RandomGridShuffle

Targets:

image

mask

bboxes

keypoints

volume

mask3d

Image Types:uint8, float32

Randomly shuffles the grid's cells on an image, mask, or keypoints, effectively rearranging patches within the image. This transformation divides the image into a grid and then permutes these grid cells based on a random mapping.

Arguments

grid

tuple[int, int]

[3,3]

Size of the grid for splitting the image into cells. Each cell is shuffled randomly. For example, (3, 3) will divide the image into a 3x3 grid, resulting in 9 cells to be shuffled. Default: (3, 3)

p

float

0.5

Probability that the transform will be applied. Should be in the range [0, 1]. Default: 0.5

Examples

>>> import numpy as np
>>> import albumentations as A
>>> # Prepare sample data
>>> image = np.random.randint(0, 256, (100, 100, 3), dtype=np.uint8)
>>> mask = np.random.randint(0, 2, (100, 100), dtype=np.uint8)
>>> bboxes = np.array([[10, 10, 50, 50], [40, 40, 80, 80]], dtype=np.float32)
>>> bbox_labels = [1, 2]
>>> keypoints = np.array([[20, 30], [60, 70]], dtype=np.float32)
>>> keypoint_labels = [0, 1]
>>>
>>> # Define transform with grid as a tuple
>>> transform = A.Compose([
...     A.RandomGridShuffle(grid=(3, 3), p=1.0),
... ], bbox_params=A.BboxParams(coord_format='pascal_voc', label_fields=['bbox_labels']),
...    keypoint_params=A.KeypointParams(coord_format='xy', label_fields=['keypoint_labels']))
>>>
>>> # Apply the transform
>>> transformed = transform(
...     image=image,
...     mask=mask,
...     bboxes=bboxes,
...     bbox_labels=bbox_labels,
...     keypoints=keypoints,
...     keypoint_labels=keypoint_labels
... )
>>>
>>> # Get the transformed data
>>> transformed_image = transformed['image']     # Grid-shuffled image
>>> transformed_mask = transformed['mask']       # Grid-shuffled mask
>>> transformed_bboxes = transformed['bboxes']   # Grid-shuffled bounding boxes
>>> transformed_keypoints = transformed['keypoints']  # Grid-shuffled keypoints
>>>
>>> # Visualization example with a simpler grid
>>> simple_image = np.array([
...     [1, 1, 1, 2, 2, 2],
...     [1, 1, 1, 2, 2, 2],
...     [1, 1, 1, 2, 2, 2],
...     [3, 3, 3, 4, 4, 4],
...     [3, 3, 3, 4, 4, 4],
...     [3, 3, 3, 4, 4, 4]
... ])
>>> simple_transform = A.RandomGridShuffle(grid=(2, 2), p=1.0)
>>> simple_result = simple_transform(image=simple_image)
>>> simple_transformed = simple_result['image']
>>> # The result could look like:
>>> # array([[4, 4, 4, 2, 2, 2],
>>> #        [4, 4, 4, 2, 2, 2],
>>> #        [4, 4, 4, 2, 2, 2],
>>> #        [3, 3, 3, 1, 1, 1],
>>> #        [3, 3, 3, 1, 1, 1],
>>> #        [3, 3, 3, 1, 1, 1]])

Notes

This transform maintains consistency across all targets.
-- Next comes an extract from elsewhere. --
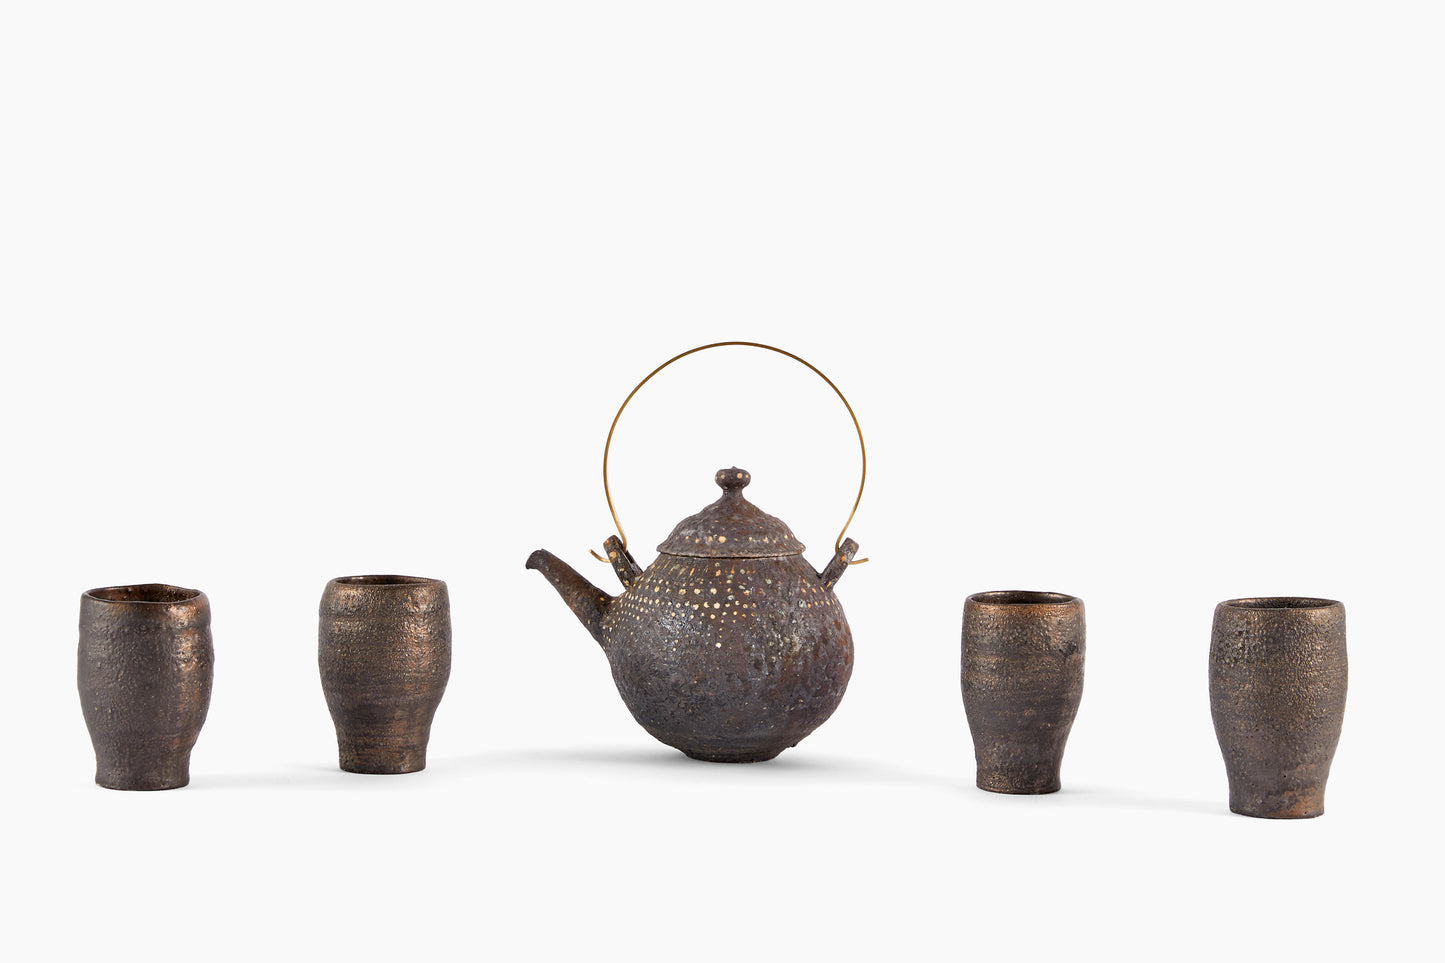 Masahiko Yamamoto Teapot Set
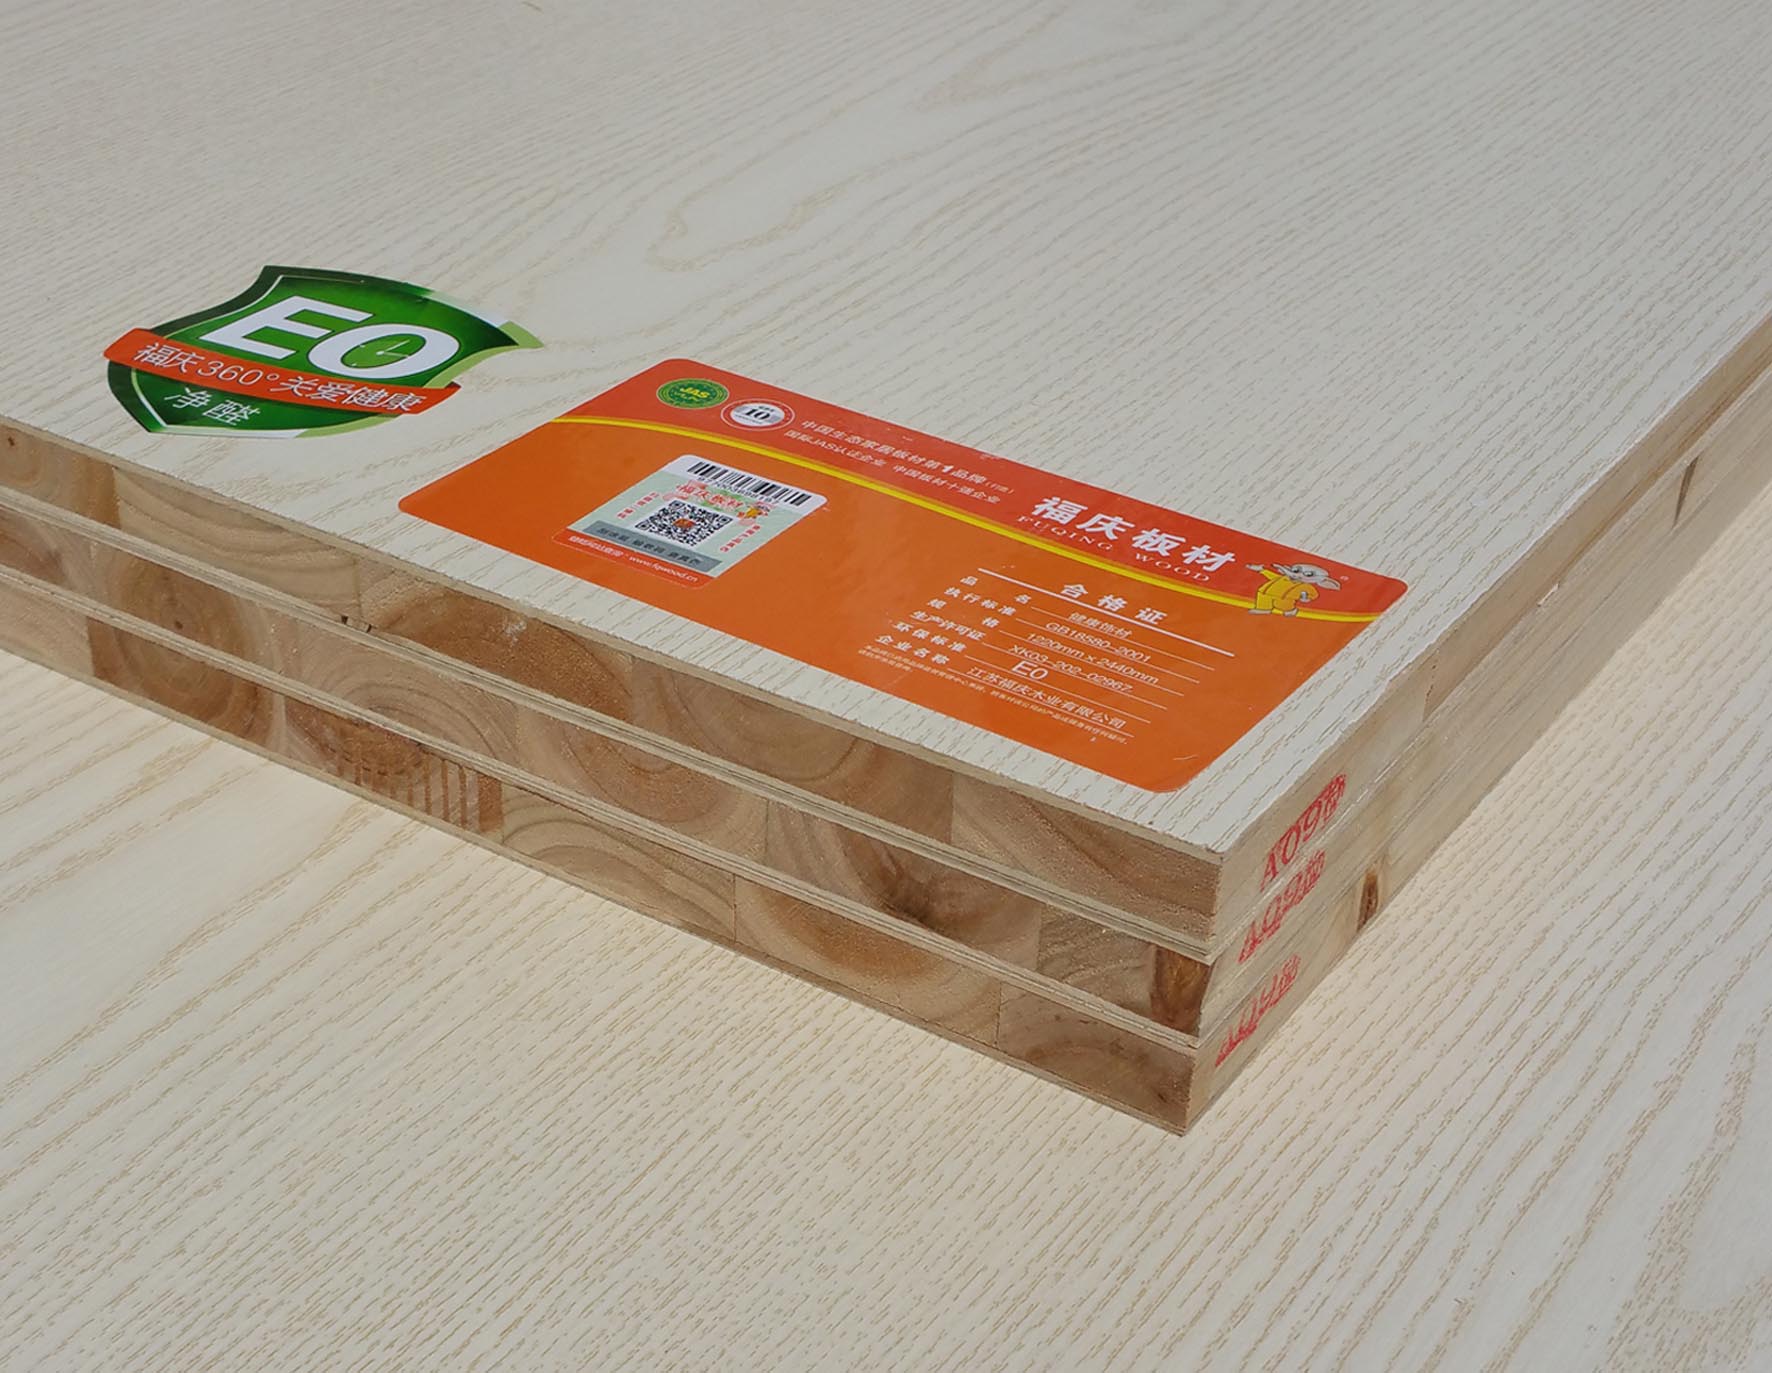 供应板材十大品牌福庆杉木整拼生态板 生态板 杉木生态板 福庆板材 生态板价格 生态板品牌图片

If applied to an image and its corresponding mask or keypoints, the same shuffling will be applied to all.
The number of cells in the grid should be at least 2 (i.e., grid should be at least (1, 2), (2, 1), or (2, 2)) for the transform to have any effect.
Keypoints are moved along with their corresponding grid cell.
This transform could be useful when only micro features are important for the model, and memorizing the global structure could be harmful. For example:
- Identifying the type of cell phone used to take a picture based on micro artifacts generated by phone post-processing algorithms, rather than the semantic features of the photo. See more at https://ieeexplore.ieee.org/abstract/document/8622031
- Identifying stress, glucose, hydration levels based on skin images.